Java SE 8で、Oracle WebLogic Serverはもっと開発しやすく、運用しやすくなる

 現在、国内外で多くの企業が自社システムの最新Java環境への移行、すなわちJava SE 8やJava EE 7への移行を進めている。また、クラウドの普及を受け、その活用を前提に将来も見据えたシステム・アーキテクチャの刷新を検討する企業も少なくない。
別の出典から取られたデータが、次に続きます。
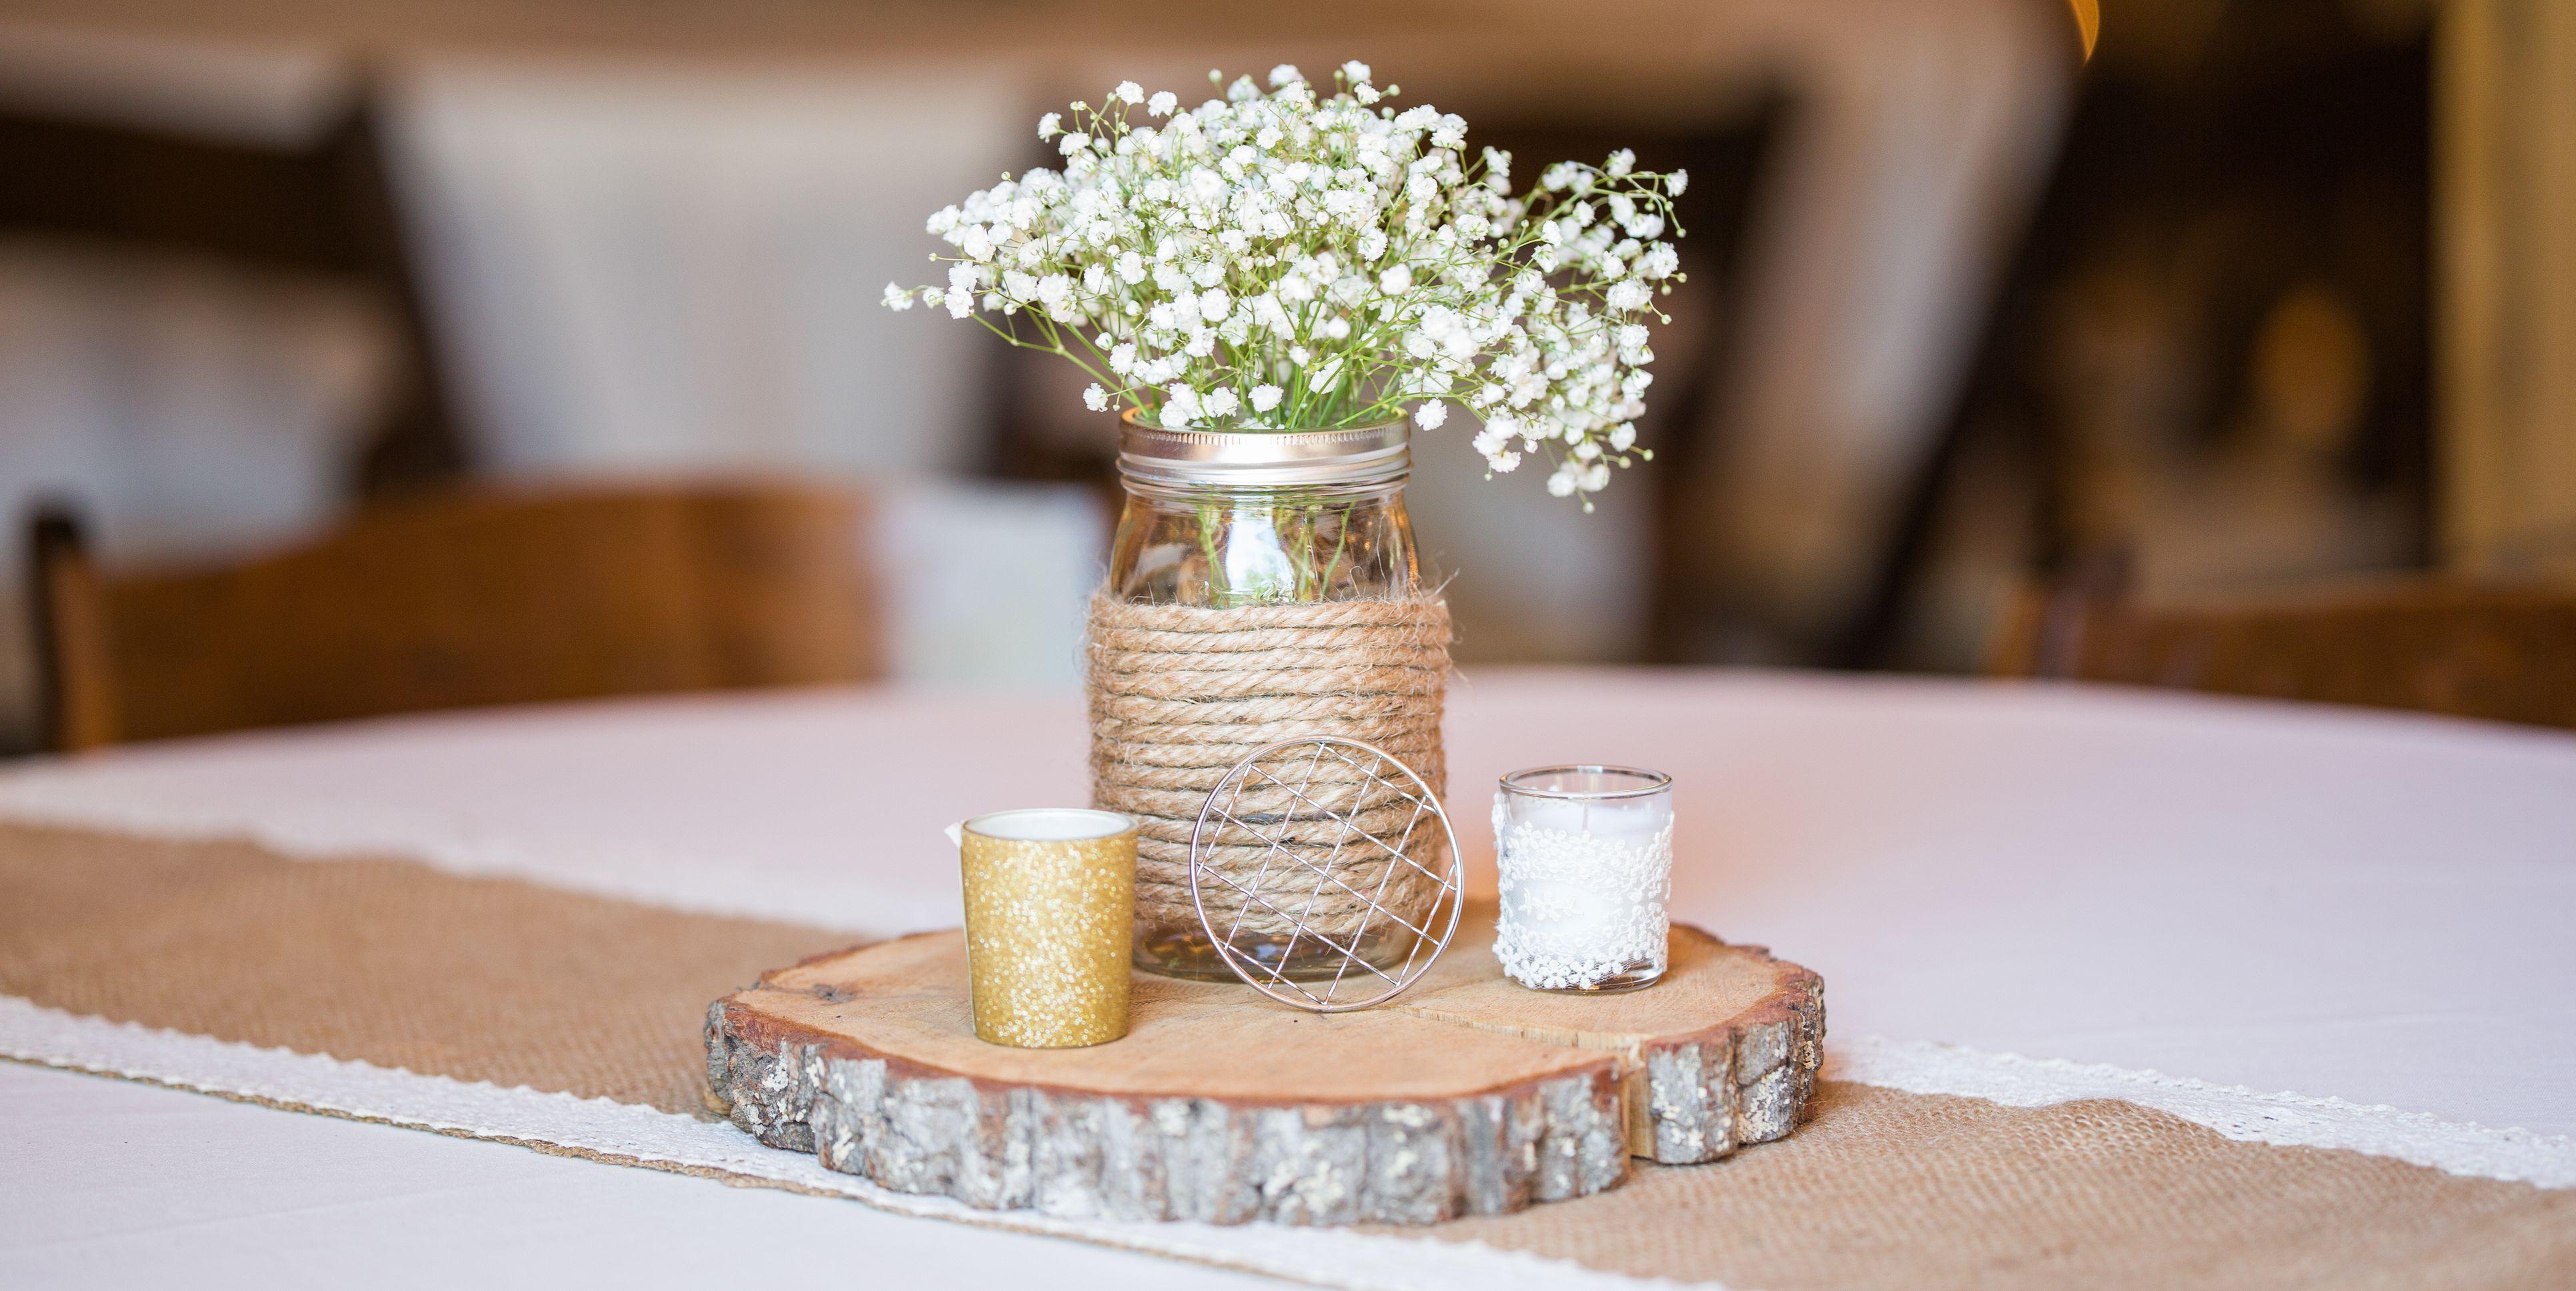 58 Great Mason Jar Ideas Easy Crafts And Decor For Mason Jars

 そうした企業の要求に応えるべく、今、Oracle WebLogic Server 12cは大きく進化を遂げようとしている。日本オラクルが2015年2月に開催した「エンタープライズJavaセミナー2015」におけるセッション「エンタープライズJavaのためのプラットフォーム WebLogicとJava Cloud最新情報」(講師:日本オラクル Fusion Middleware事業統括ビジネス推進本部 新井庸介氏)の内容を基に、今年予定されているOracle WebLogic Server 12cの強化ポイントを紹介する。

 Oracle WebLogic Serverの最新バージョンは、2014年6月にリリースされた「Oracle WebLogic Server 12c(12.1.3)」である。また、年内に次期バージョン「Oracle WebLogic Server 12c Release 2(12.2.1)」(通称:Oracle WebLogic Server 12c R2)のリリースが予定されている。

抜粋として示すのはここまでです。